If TPG does proceed with its unlimited pricing package, the company’s offering will be radically different from those NBN fibre pricing plans already in the market, with most other providers focusing on higher speed plans with a moderate amount of data quota. For $70 a month, for example, second-tier ISP Exetel offers a 300GB plan at 100Mbps speeds. This plan undercuts popular rivals such as iiNet and Internode.
It looks like TPG is finally convinced that the NBN is getting some scale and has started to show its hand on its NBN pricing. I guess we can’t be surprised that the company has tried its hardest to squeeze its extremely popular “unlimited” model into a fibre framework, but will the plans be popular? And are they actually good?
In a word, no.
Frankly, if you’re going to sign up to the NBN, as virtually every Australian will, and you’re the sort of person who downloads a lot of stuff from the Internet (hence, being interested in an unlimited quota plan), you are going to want to take advantage of the NBN’s faster speeds. To go from ADSL2+, which only offers speeds up to 24Mbps, and most people get far less, to fibre at 12Mbps is a bit of a joke. 12Mbps is not the NBN tier which most Australians are going to sign up for, and in fact NBN Co already has significant uptake figures showing that a higher than expected proportion of NBN customers sign up for the higher value plans — 50Mbps and 100Mbps.
But if TPG does offer unlimited quota value at these higher speed plans, it is going to have to push its charges much higher as well, just to keep up with customers’ downloads. At 25Mbps, for example, you can theoretically download about 6.7 terabytes of data per month, so it’s not unreasonable to expect that TPG might charge something similar to its current unlimited plans for such a service — perhaps $80 a month?
But as you get higher speeds, the amount of data you can such down a month increased rapidly. At 50Mbps, you could download a staggering 13.3 terabytes a month, and double that at 100Mbps. Consequently, TPG will not, in my estimation, be able to offer these plans at anywhere south of $100 — and the expensive, post-$100 customer has never been where TPG has aimed at.

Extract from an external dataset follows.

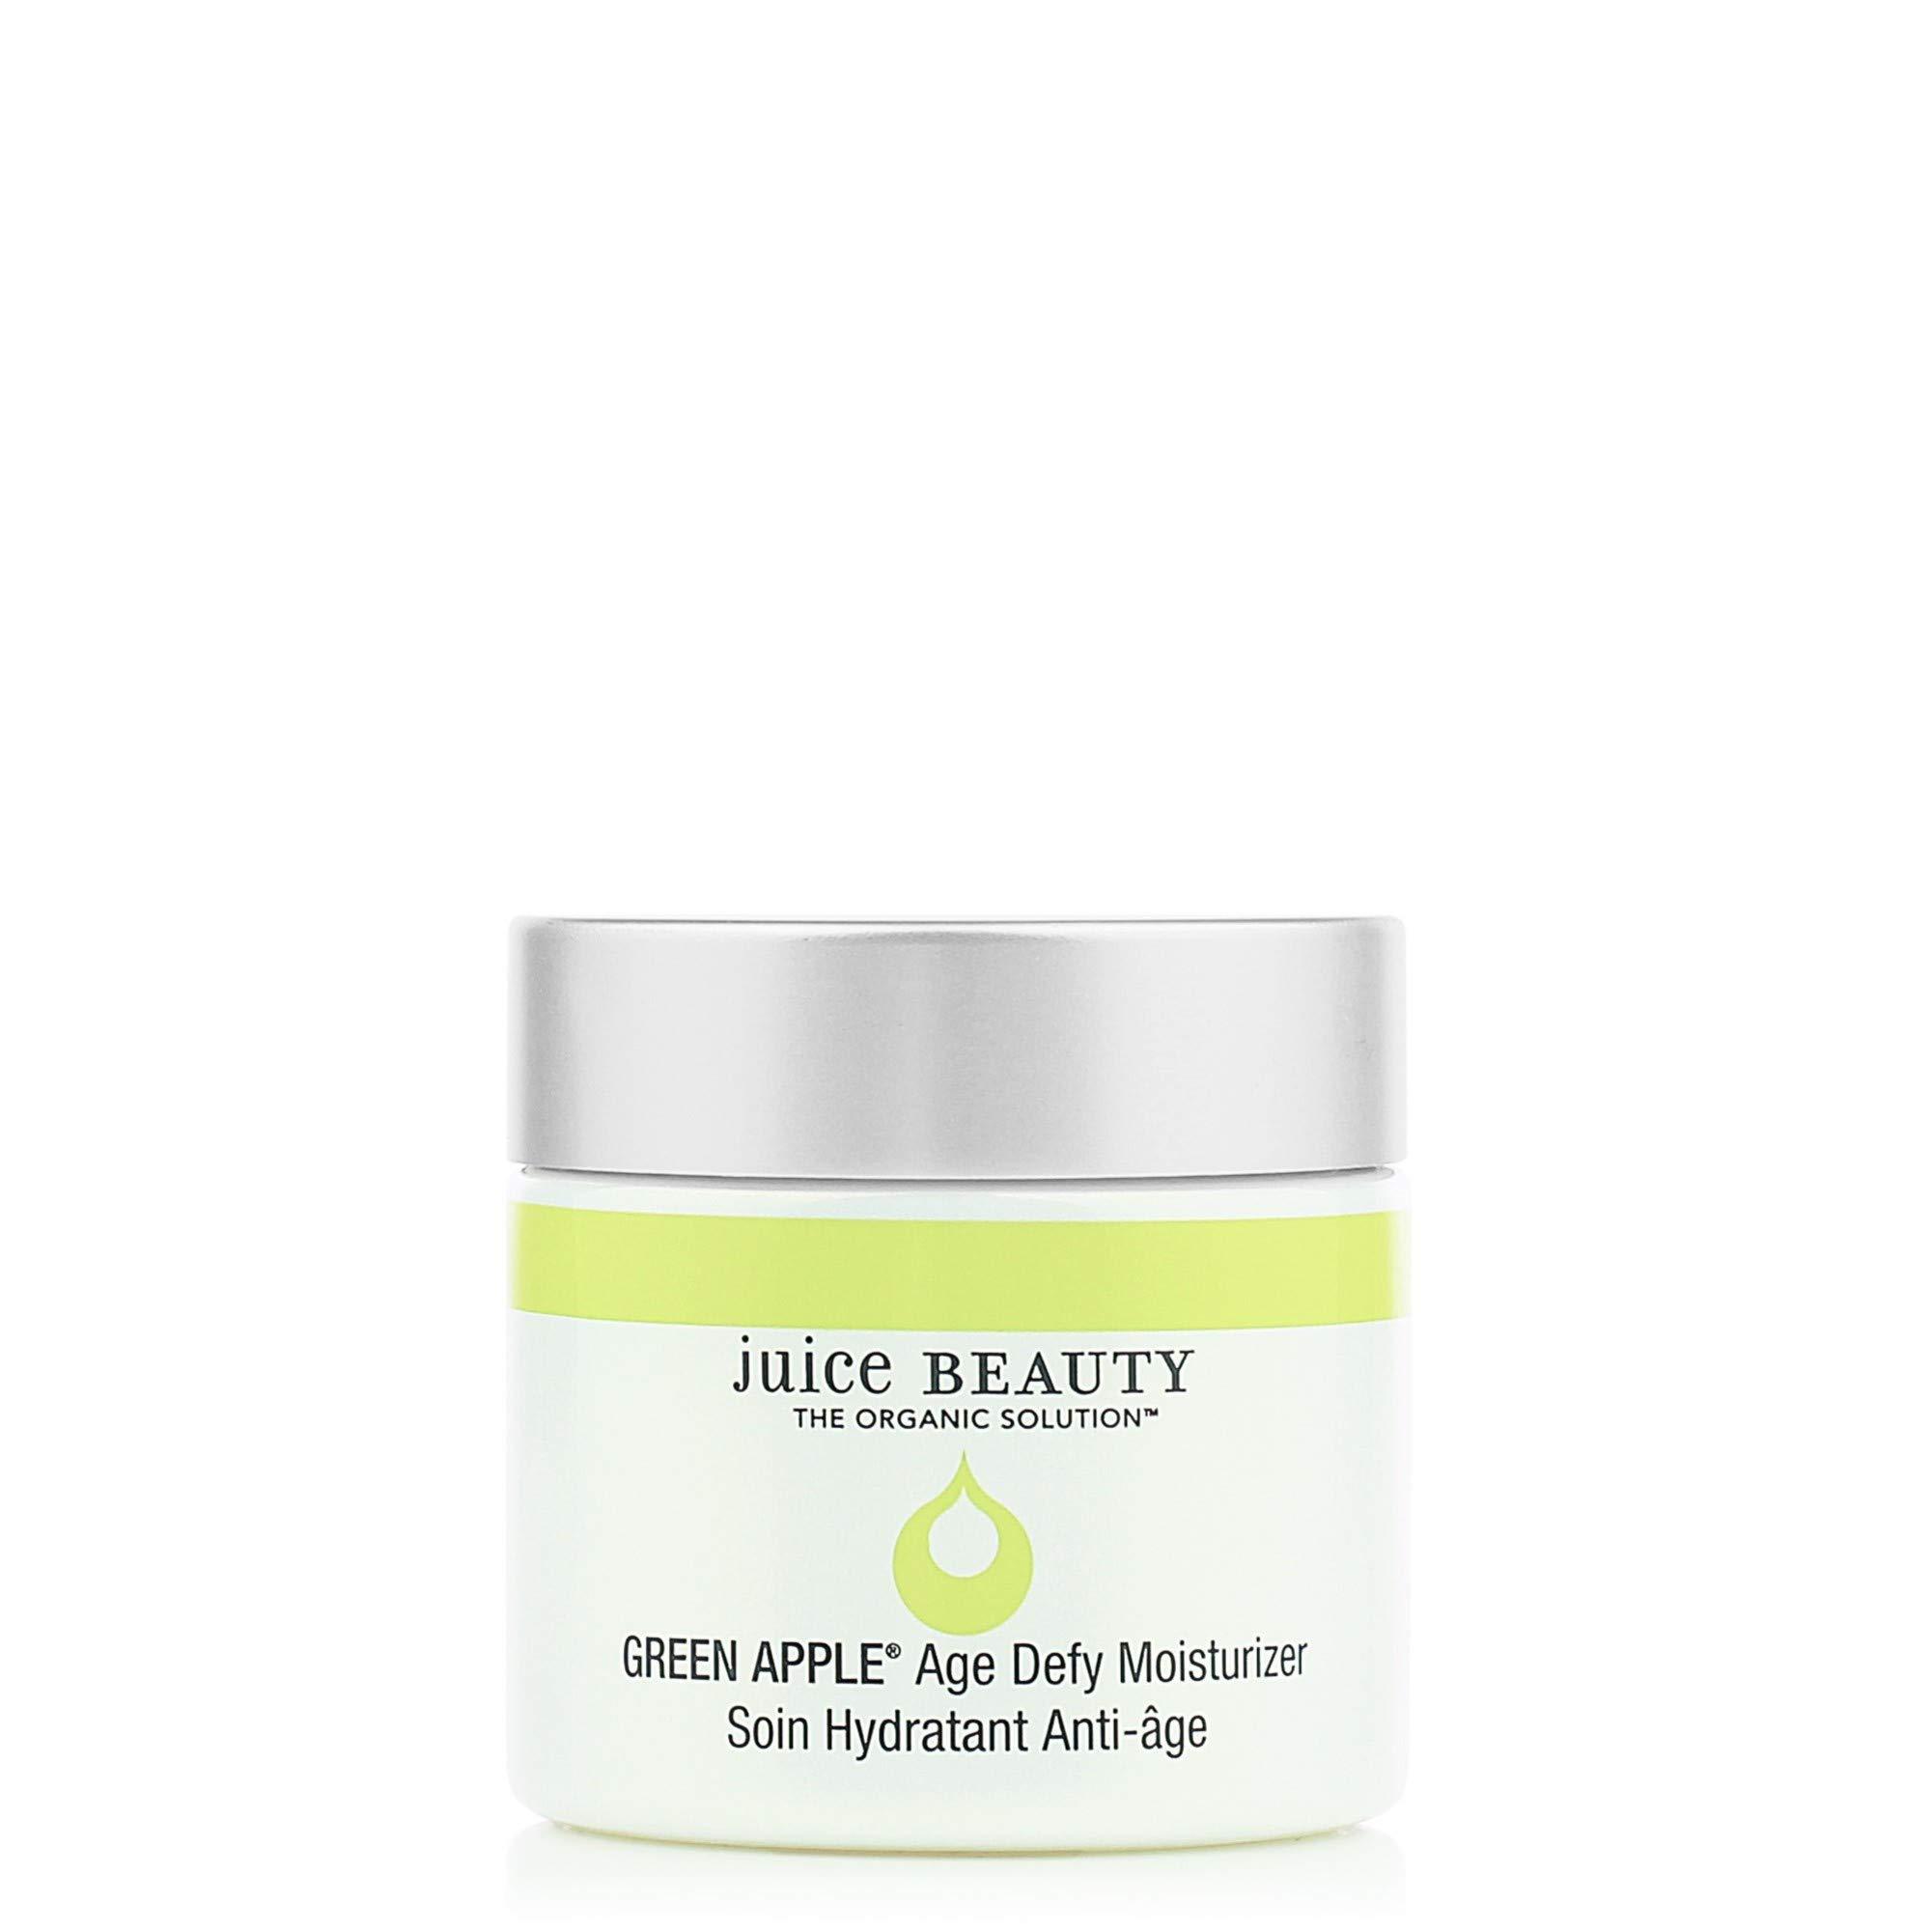 Juice Beauty Green Apple Age Defy, Serum and Moisturizer

I expect that TPG’s most popular NBN plan, if it chooses to offer one, will be a ~ $80 unlimited plan with 25Mbps speeds. That’s where I would say most TPG-type customers would be OK signing up for. Hell, maybe TPG can do some fiddling with its telephone costs and cut that down a bit to $70. Then it surely would have a winner on its hands. But I’m not sure how financially possible that is.